Otto Tief

Otto Tief (14 August [O.S. 2 August] 1889[1] 5 March 1976) was an Estonian politician, military commander (during the Estonian War of Independence), and a lawyer.

Otto Tief
Born(1889-08-14)14 August 1889
Died5 March 1976(1976-03-05) (aged 86)
NationalityEstonia
OccupationLawyer
Prime Minister

He was the Acting Prime Minister of the last government of Estonia[2][3] before the Soviet troops occupied Estonia in the Second World War in September 1944. Due to his commitment to his country, Otto Tief is regarded by many of his fellow countrymen as a symbol of national resistance.

Education and career

Lieutenant Otto Tief in the Estonian Army during the Estonian War of Independence, 1919.

Tief studied law in St Petersburg between 1910 and 1916. During the Estonian War of Independence, Tief was a commander in the Kalevlaste Maleva battalion formed in 1918 by members of the Kalev sports society.
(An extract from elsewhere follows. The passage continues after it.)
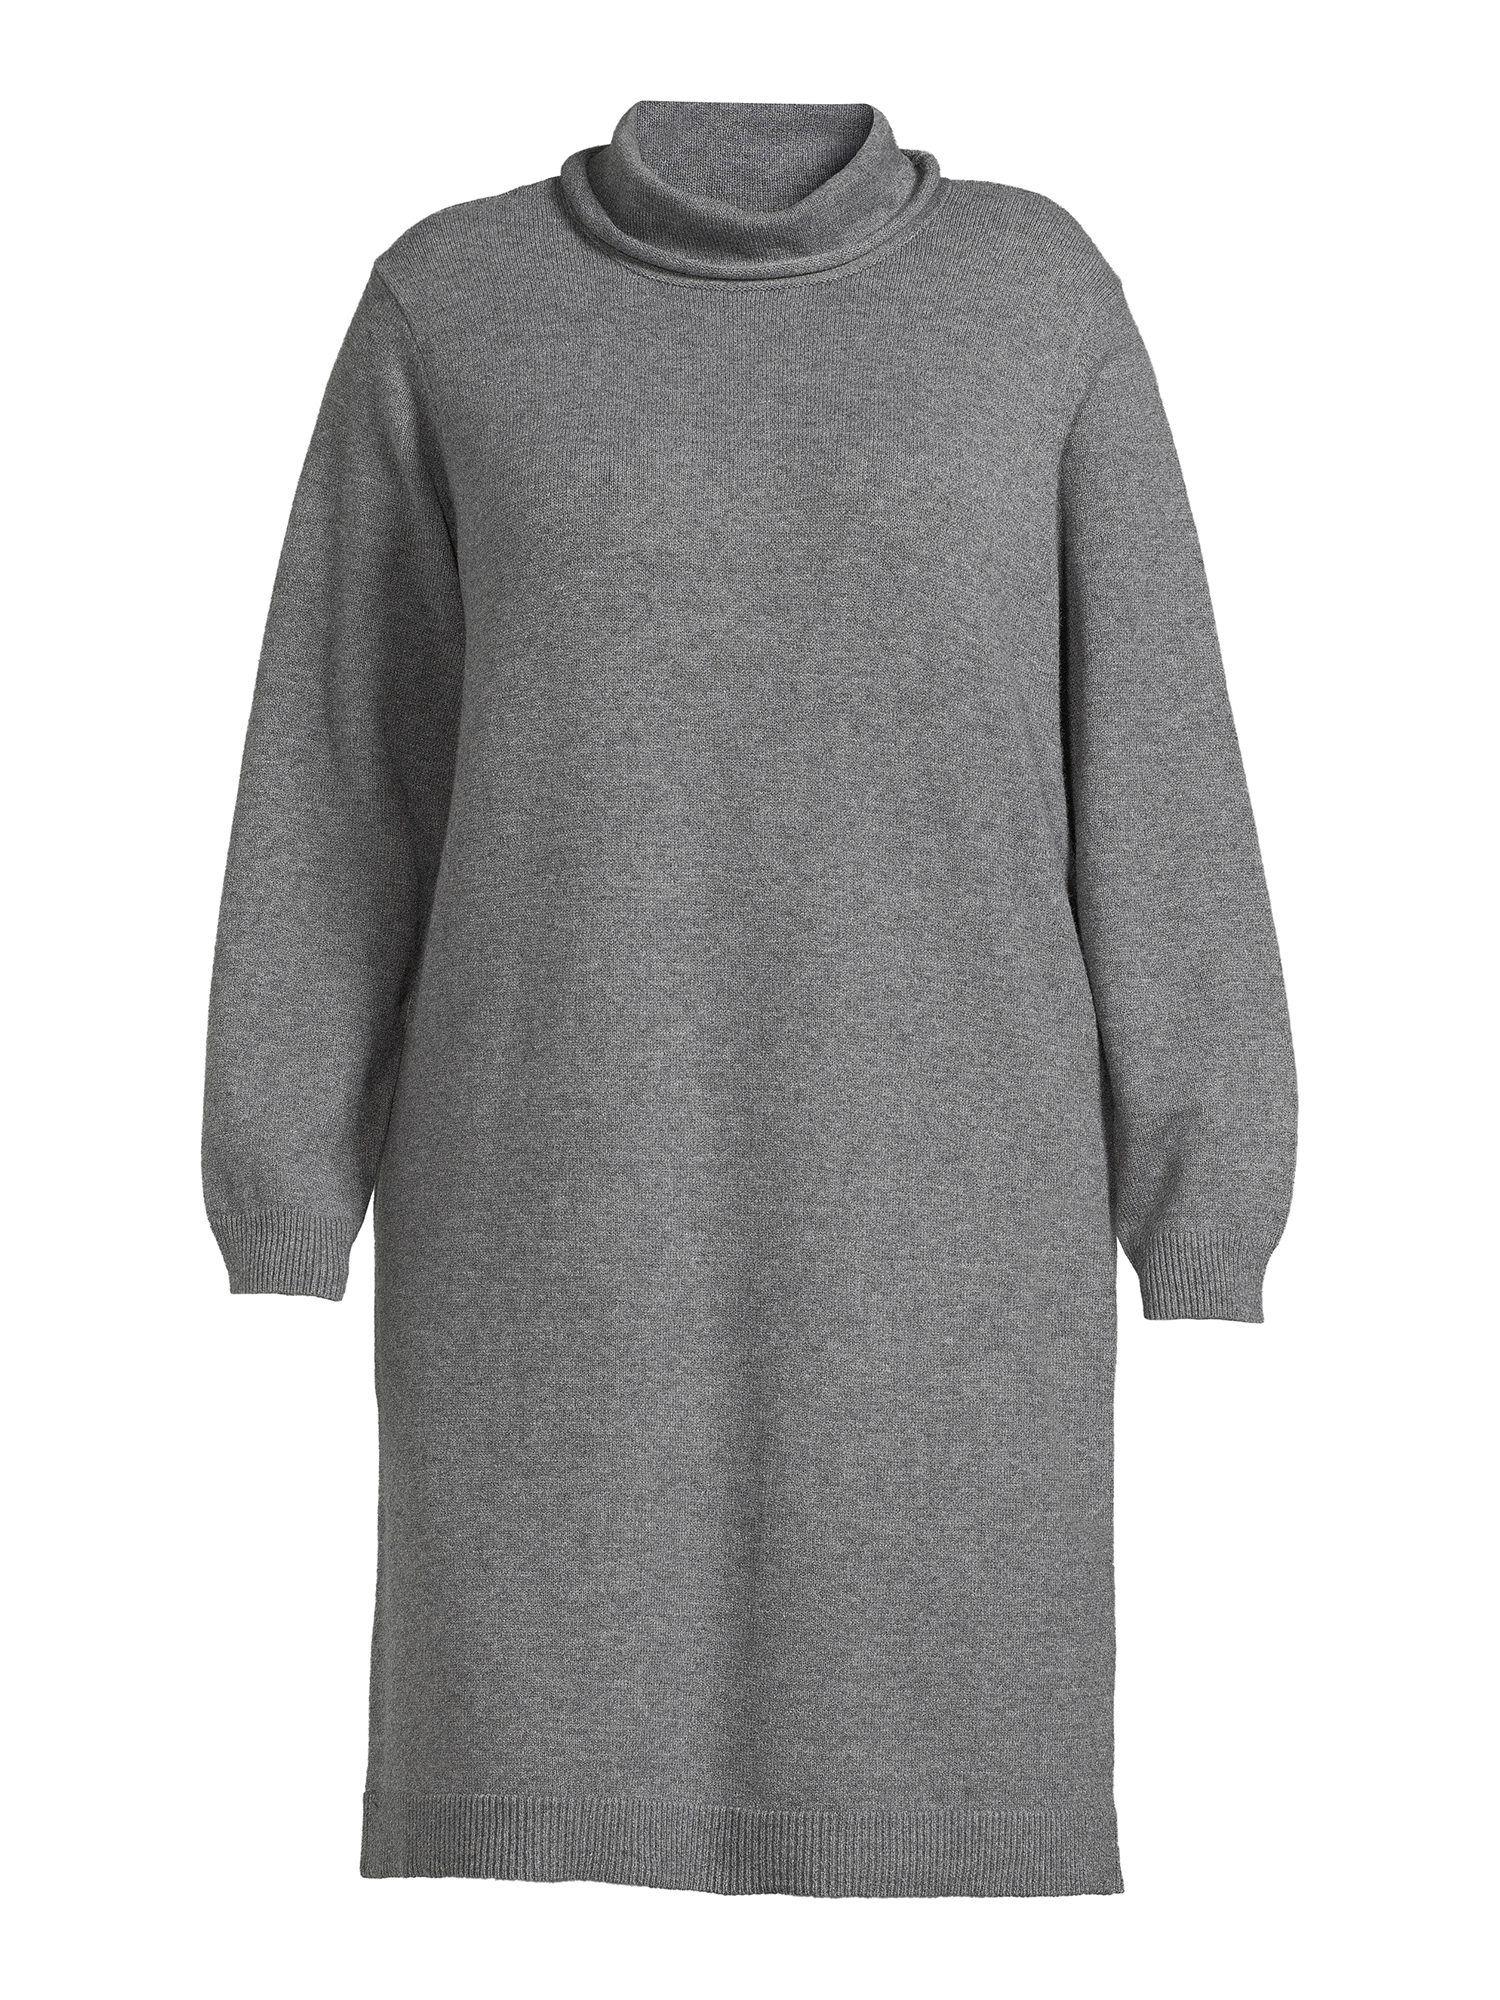 Terra & Sky Women's Plus Size Turtleneck Tunic Length Sweater Dress - image 5 of 5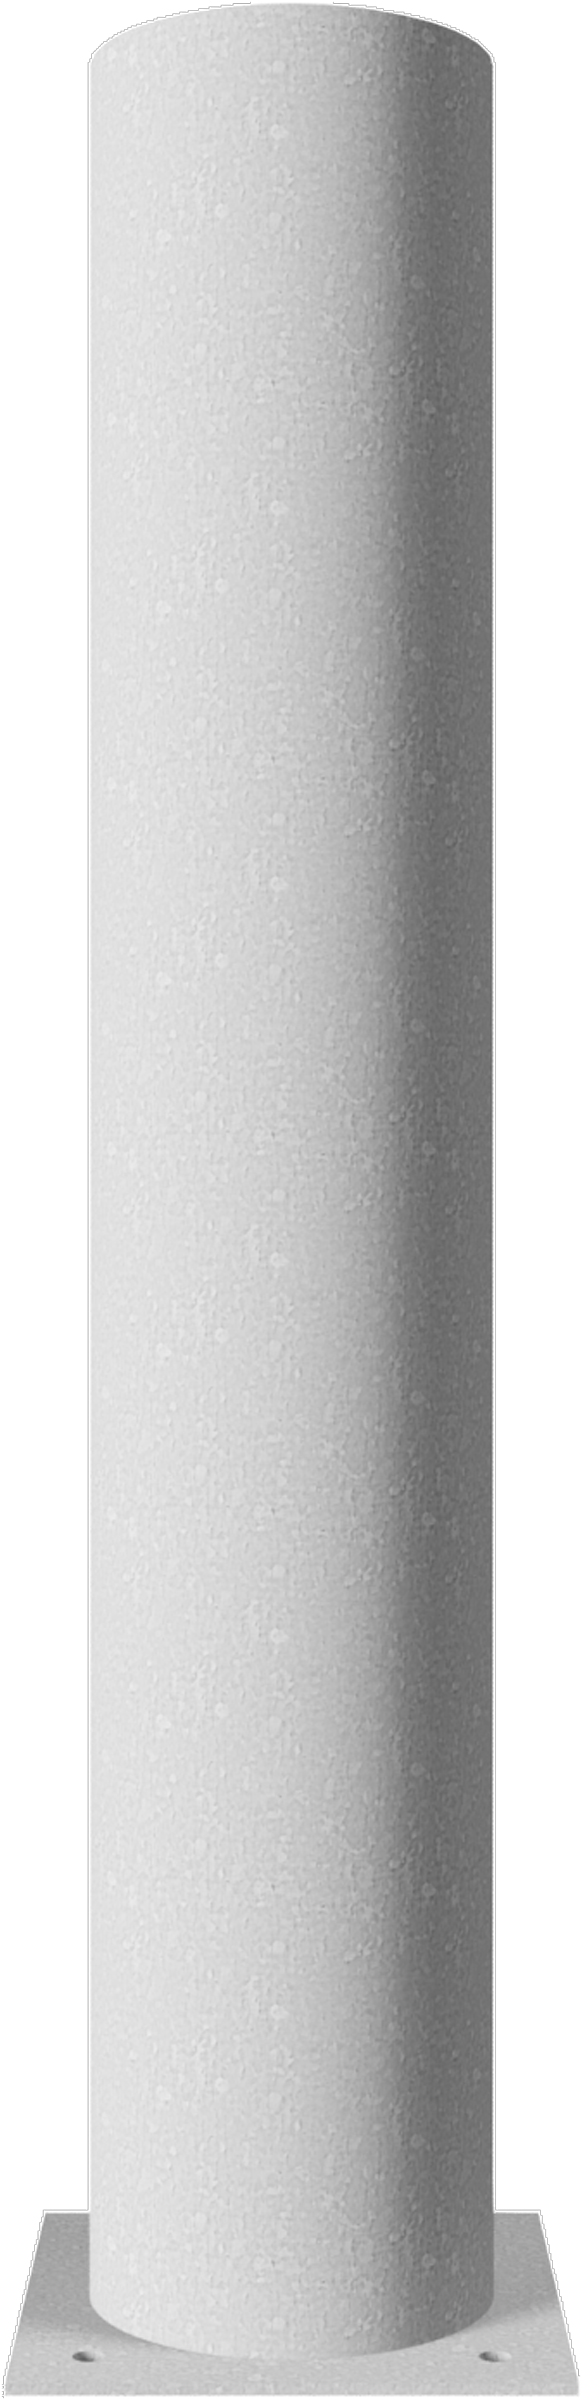 Schake Stahlrohrpoller OD Ø 273 mm verzinkt - 1,50 m

Following the war, he graduated in law from the University of Tartu in 1921. He served as legal counsel to the Estonian Land Bank and also worked in private practice as a lawyer. Tief was elected to the third Riigikogu in 1926 and served as the Minister of Social Affairs from 1926 to 1927. In 1928 he was the Minister of Justice. In 1932 he was elected to the fifth Riigikogu.

Otto Tief's Government of 1944

The 18 September 1944 appointed Government of Estonia in Riigi Teataja

During the turbulent days in September 1944, between the retreat of the German occupation forces in Estonia and the onslaught of the Red Army, the acting President of the Republic of Estonia Jüri Uluots appointed Otto Tief as a Prime Minister and asked him to form a government in 18 September 1944. Tief then published a proclamation, re-establishing the independence of the Republic of Estonia on the basis of legal continuity, and attempted to organise the defence of Tallinn against the invading Red Army, which pushed into the capital on 22 September 1944.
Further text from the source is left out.